Reality crashed back, cold and unwelcome. She was right. This wasn't part of our arrangement. We had rules, boundaries, a clear endpoint.

"I know." I stepped back, creating necessary distance. "I’m sorry. That was—"

"No," she interrupted, sliding off the table and straightening her headband. "Don't apologize. I wanted it too. That's the problem."

The problem. Of course it was a problem. I was eighteen years older than her, carrying the weight of a failed marriage, adult children, a mother with progressing Alzheimer's. She was vibrant, unencumbered, with her whole life ahead of her. What could I possibly offer her beyond complications?

"We should stick to the plan," I said, my voice sounding foreign to my own ears. "Keep things... simple."

She nodded, though her eyes told a different story. "Right. Simple."

We finished cleaning in strained silence, the air between us heavy with what had happened and what we'd decided shouldn't happen again. When everything was packed and loaded into her car, we stood awkwardly in the empty parking lot.

"I'll see you at the ice skating fundraiser," she said, keys clutched tightly in her hand. "Tomorrow."

"Tomorrow," I agreed, resisting the urge to touch her again. "Goodnight, Piper."

"Goodnight, Rhett."

I watched her drive away, then sat in my car for long minutes, trying to regain equilibrium.

My lips still tingled from her kisses, my body humming with thwarted desire.

But it was more than physical. Something about Piper Summers had breached my defenses, slipped past careful barriers erected after my marriage collapsed.

The drive to my rented cottage was a blur.

Inside, I poured a scotch I didn't really want and stood at the window overlooking the harbor, just as I had earlier this week, wondering what the hell I’d gotten myself into.

Christmas lights reflected on the dark water, boats gently rocking with the tide.

My phone buzzed with a text from Eliza, checking whether I’d be returning to Boston for New Year’s.

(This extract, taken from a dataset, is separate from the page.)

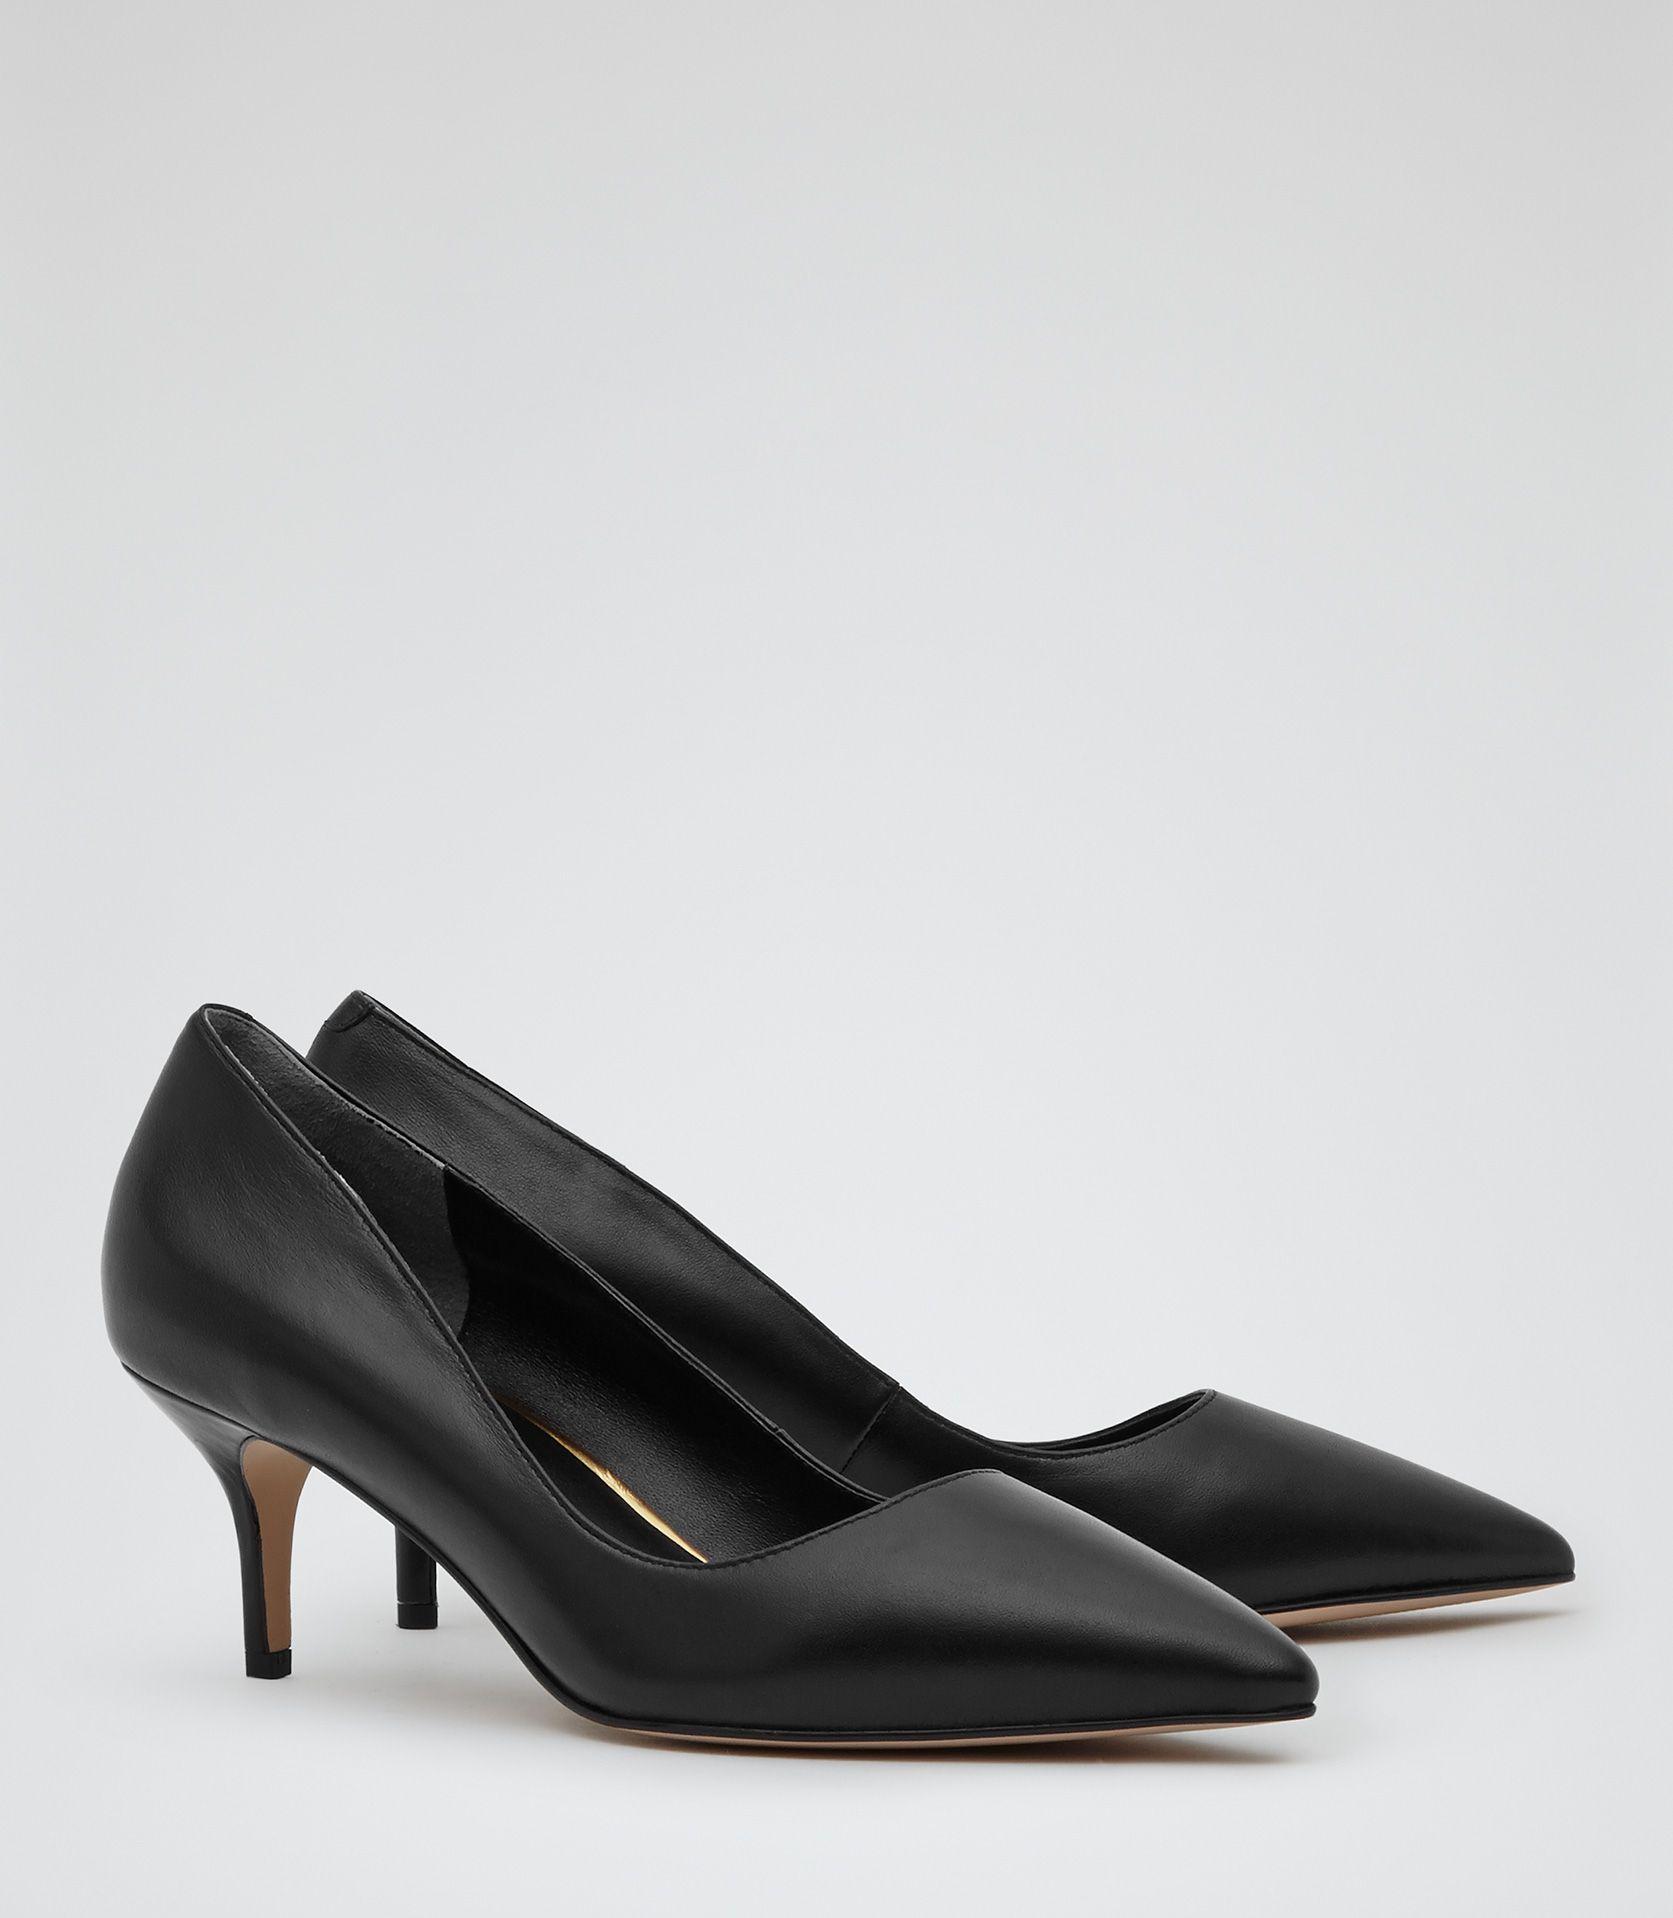 Holly Black Kitten Heel Court Shoes Reiss Ladies Shoes Designer Black Kitten Heels Kitten Heels
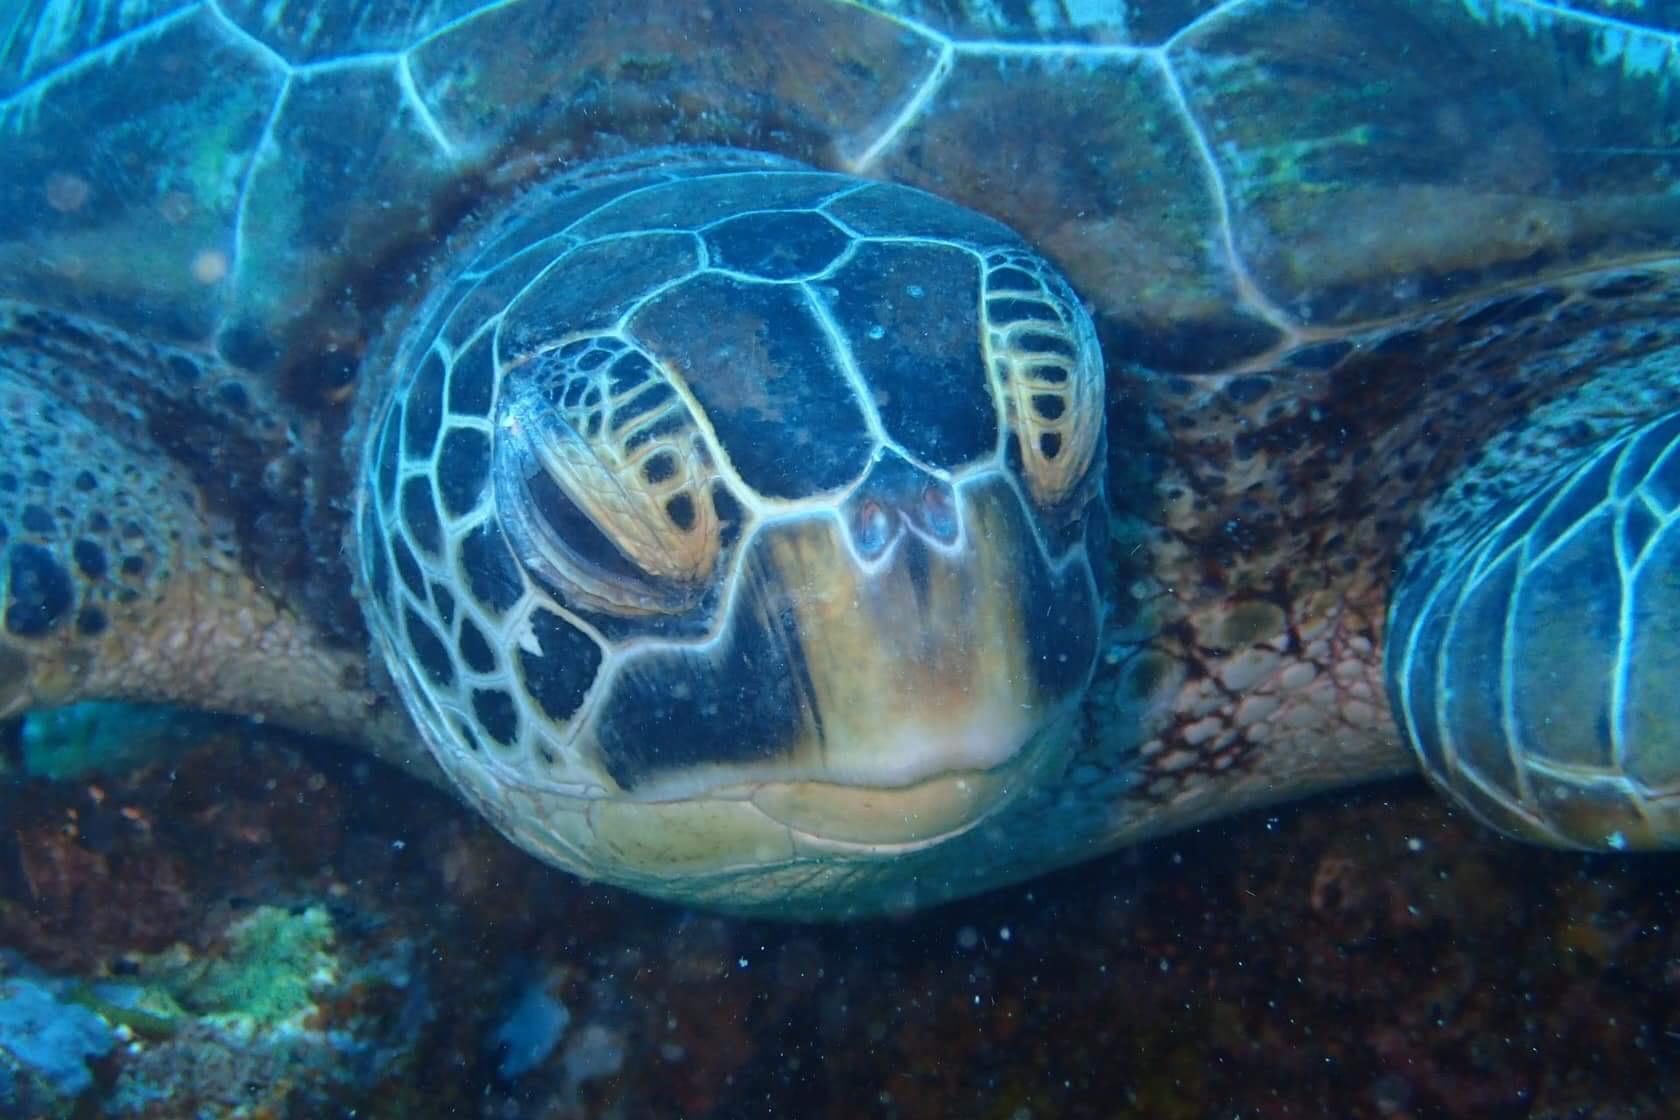 http://blog.cebu-oh.com/local/2018/08/photo/GoodDive_Turtle.JPG

Such a simple question, yet suddenly laden with implications.

What would my daughter think of Piper? Would she see past the age difference to the woman beneath—intelligent, compassionate, determined?

Or would she assume what most people would—that I was having some predictable middle-aged crisis?

I set the untouched scotch aside and texted back that I'd be there. Family obligations, professional decisions, personal desires—all colliding in ways I hadn't anticipated when I'd agreed to Piper's holiday arrangement.

The irony wasn't lost on me. I'd taken a sabbatical to simplify my life, to create space for clarity. Instead, I found myself more confused than ever, caught between the life I'd planned and whatever this new feeling was—this sensation of waking up after a long, dreamless sleep.

Piper deserved better than a complicated, aging surgeon with a tangle of unresolved responsibilities. She deserved someone uncomplicated, someone whose life wasn't already half-lived.

Yet when I closed my eyes, all I could see was her angelic face in the moment before our lips met—hopeful, wanting, alive in a way that made everything else fade to background noise.

For the first time in my carefully ordered existence, I had no diagnosis, no treatment plan, no clear path forward. All I knew with certainty was that tomorrow I would see her again, and despite every rational argument to the contrary, I would count the hours until then.